Looks like AMD finally realized that Nehalem is a serious competitor for the K10.5 CPUs. In this sense, after Deneb and Propus 45nm K10.5 Quad-cores AMD wants to change the process and improve the existing K10.5 cores.
The future process is called 45nm K10.5 Rev. D and it will bring the High K gating technology developed with IBM’s aid to 45nm SOI cores. As you have already intuited, the K10.5 Rev. C is the 45nm SOI process that AMD is supposed to use with the upcoming Deneb and Propus 45nm cores. AMD also came up with the Hydra codename for the Rev D cores, which seem to be the true response to Intel’s Nehalem.
The K10.5 Rev. D introduces 1MB L2 per core, which is twice as much as in current K10 CPUs, plus 6MB L3 cache memory.
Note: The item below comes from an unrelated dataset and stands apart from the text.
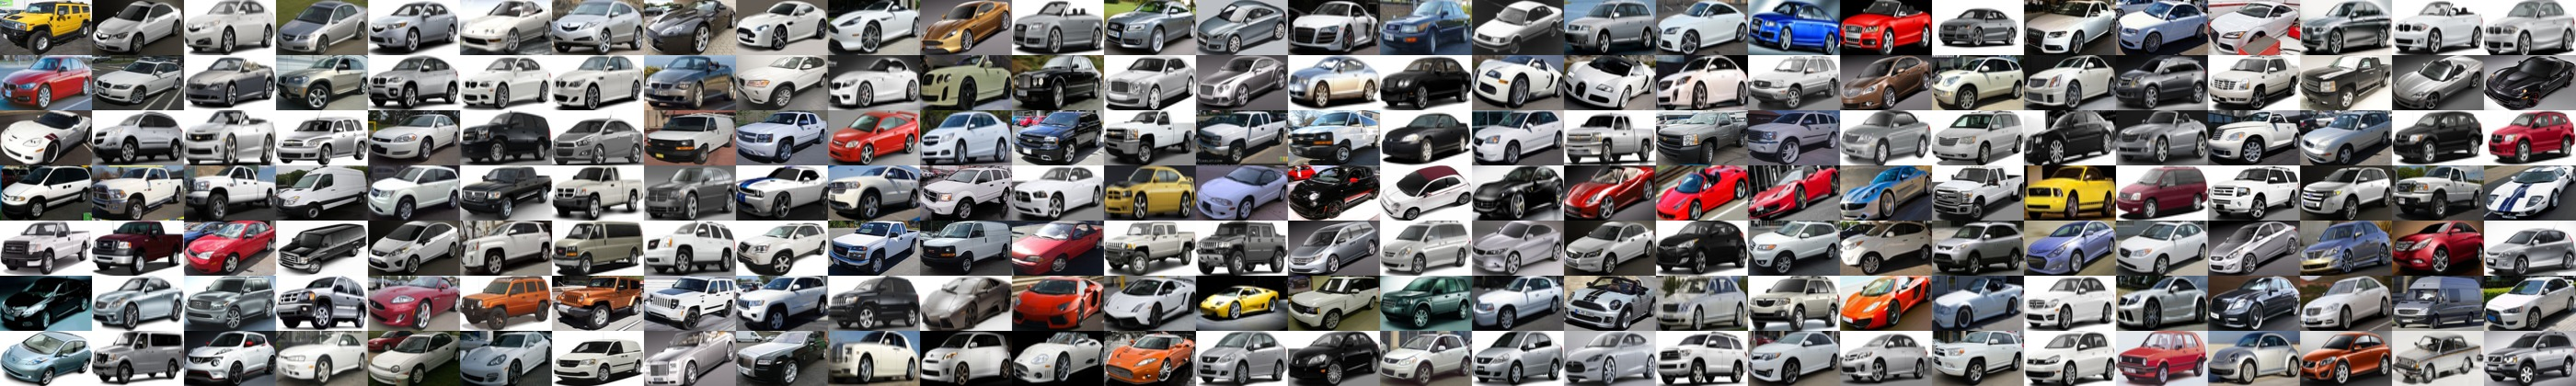 Stanford Cars Dataset | Kaggle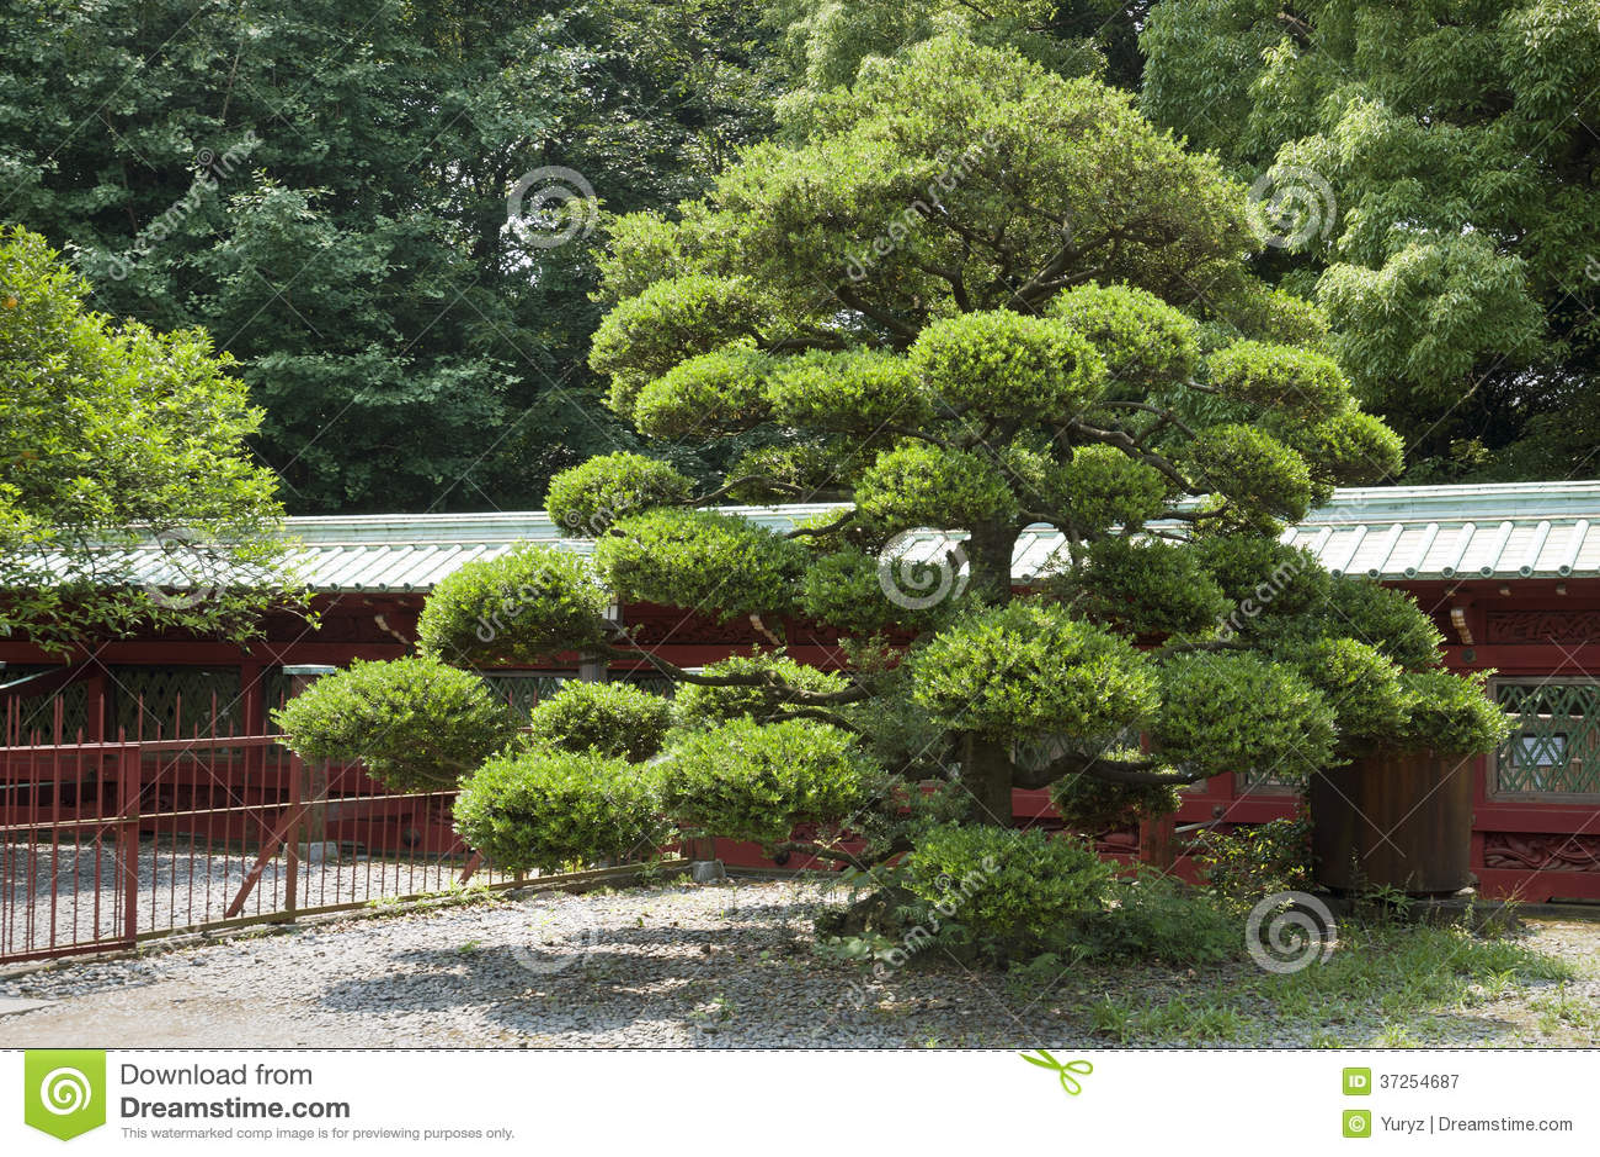 japanische kiefer stockbild bild von kiefer b gel nave 37254687. Black Bedroom Furniture Sets. Home Design Ideas

The Hydra CPUs are set to include at least eight cores, most likely coming in eight-core native design and not the recently announced MCM (Multi Chip Module).
Hydra CPUs are expected to easily hit +3GHz clock speeds in standard mode, but AMD will hopefully allow for fair overclocking potentioals.
That said, Nehalem will probably hold the crown for at least six to nine months before getting a real competitor. This is because AMD is rolling the Hydra CPUs sometime in mid 2009 or even later.